The economic crisis that propelled him into office has created this opportunity. It provides the justification for spending programmes that would be denounced in normal times as reckless experiments in an un-American socialism. The cost of the plans announced in these early days of his presidency is already heading towards a cool $1 trillion. Andrew Rawnsley is Associate Editor and Chief Political Commentator, The Observer Some of this is to be directed into public works programmes, a new New Deal. This makes considerable sense. America has a creaking infrastructure and a stricken construction industry. But such enormous spending programmes are hardly without risk. No one is yet sure how intelligently or stupidly these mind-boggling sums will be spent. If the money is shovelled out without due diligence, a lot of it may end up in the wrong hands, being spent in unproductive ways. Congressmen will pursue their timeless vice of voting for 'pork-barrel' projects of dubious merit to please their constituents. Billions of dollars will be squandered if they are used to construct lots of bridges to nowhere.
There is no exact historical precedent for the scale of the challenges confronting Obama, but the most useful comparison is with Franklin D. Roosevelt when he arrived in the White House in 1933. Roosevelt and his colleagues did not really have a grand plan for tackling the Great Depression.

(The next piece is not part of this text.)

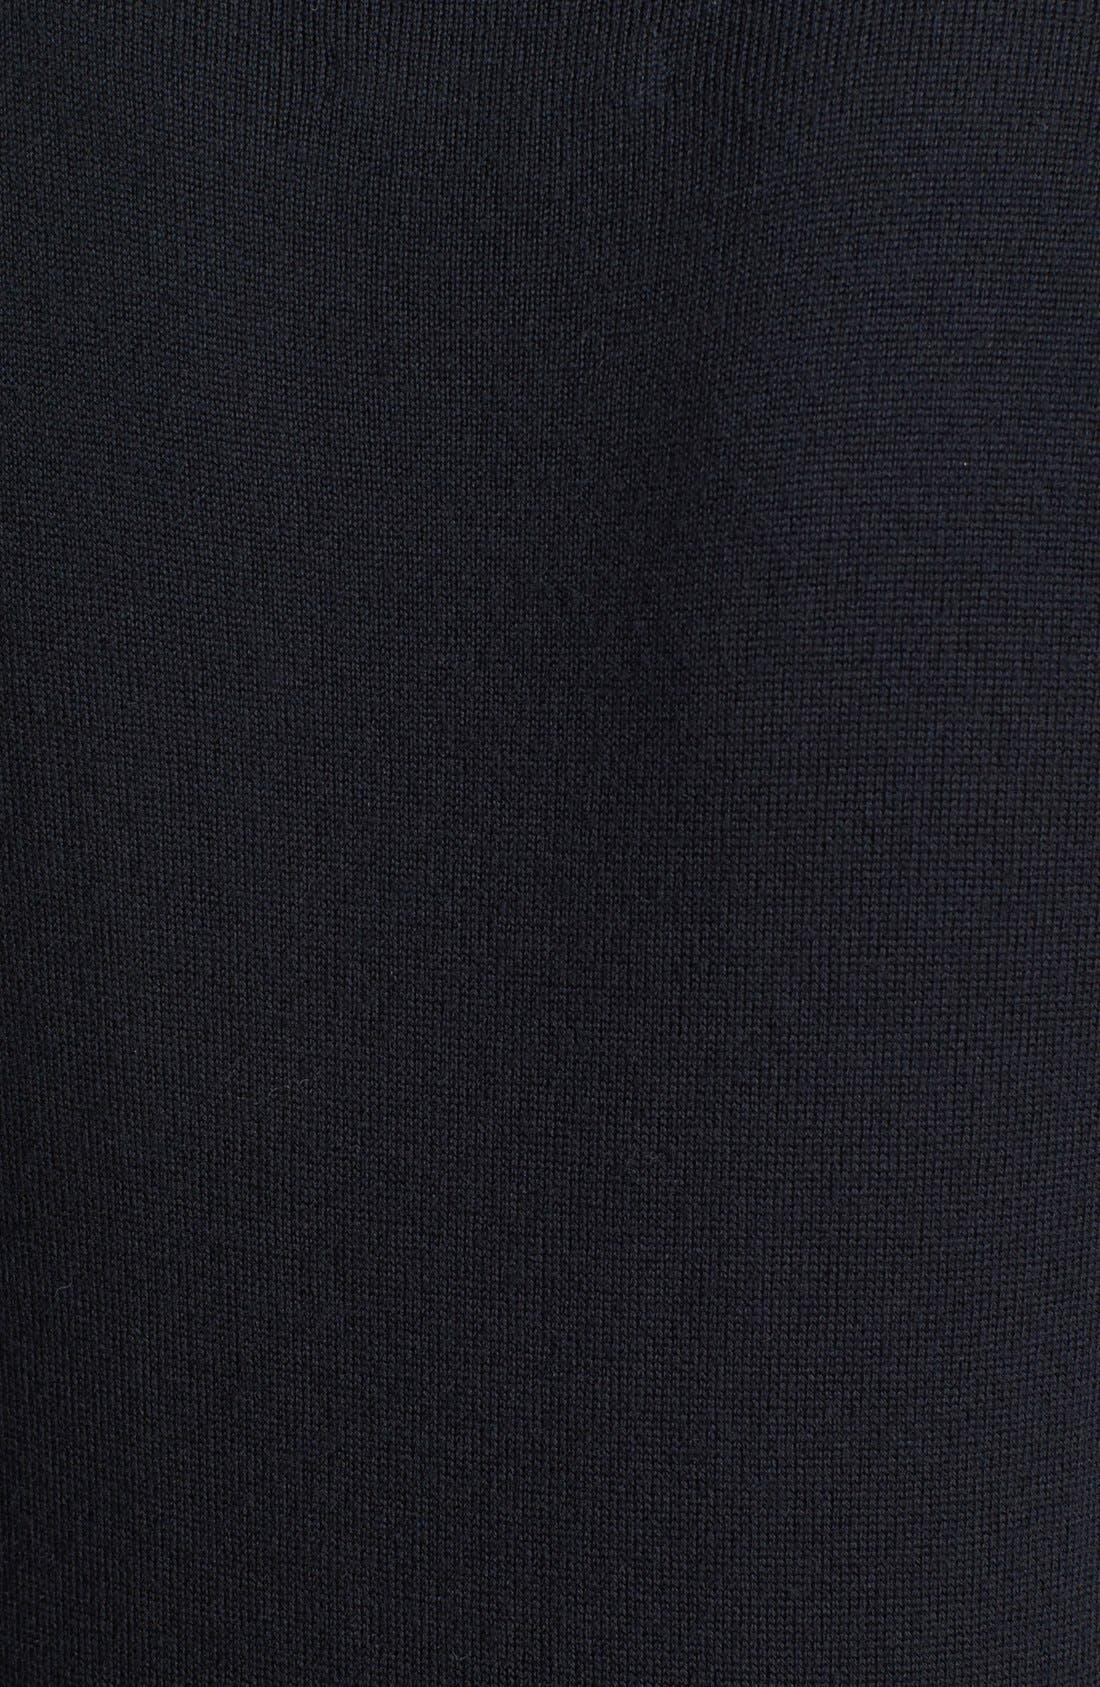 'Karsyn Kiss & Tell' Sweater,                             Alternate thumbnail 2, color,                             009
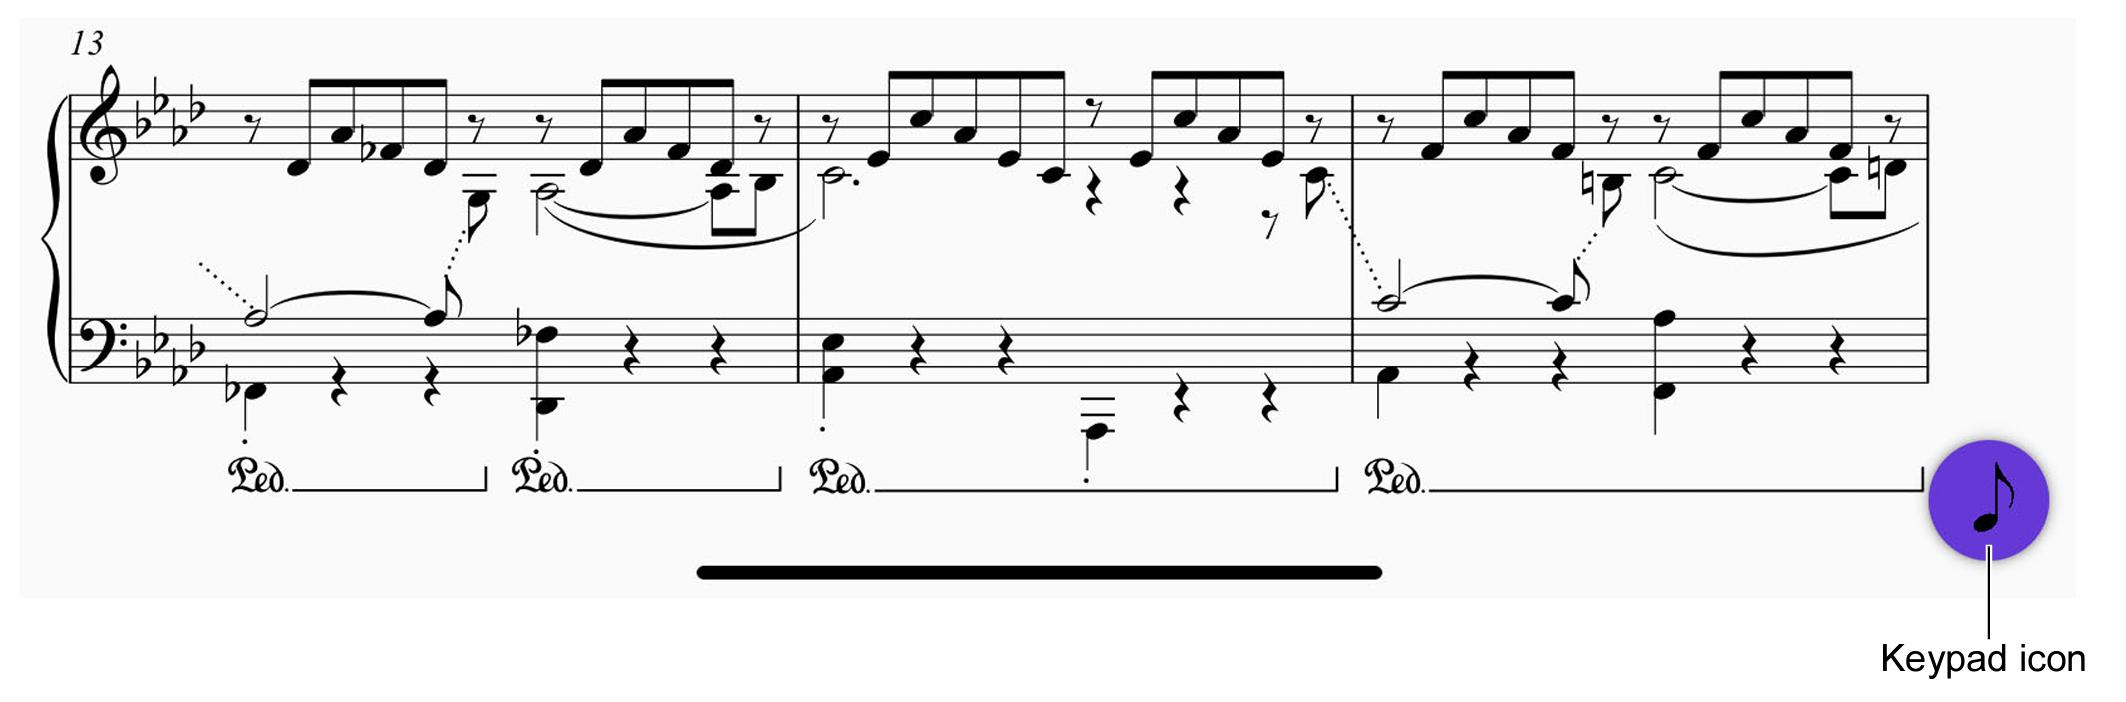 Zappa blog 8

They were often making things up as they went along and making mistakes as they did so. Roosevelt argued that it was "commonsense to take a method and try it. If it fails, admit it frankly and try another. But above all, try something."
Obama also seems to be of an improvisational temperament. He often says that "my interest is in finding something that works" and is as fond of remarking that "I'll listen to any good idea, wherever it comes from."
He has made a promise - how true he is to it, we shall see - that he will lead an administration "that admits when it makes mistakes and adapts itself to new information, that believes in making decisions based on facts and on science as opposed to what is politically expedient". Obama has explicitly said that his approach "means a government that is not ideologically driven. It means a government that is competent."
Open to negotiation
Everything we have learnt about Obama – from his early days in office, from his campaign, from his brief time in the Senate, from his period as President of the Harvard Law Review – suggests that he is a rational, complex and questioning individual.
Obama is open to negotiation about how to approach things. He is confident enough to build a team filled with strong personalities with their own ideas. His Cabinet appointments show that he values talent and experience over ideology or personal loyalty. He has given the most senior job in the Cabinet to Hillary Clinton, his rival for the nomination, and placed two Republicans in critical national security roles. It will be a stiff test of his management skills to harness all those big egos behind a common purpose. Fail, and he will end up with an administration riven by faction fights. He will also need the intelligence and judgement to choose between their advice when it clashes. One of the truer things said by George W. Bush is that a president has to be "the decider". Fail in that role and Obama cannot succeed as a president.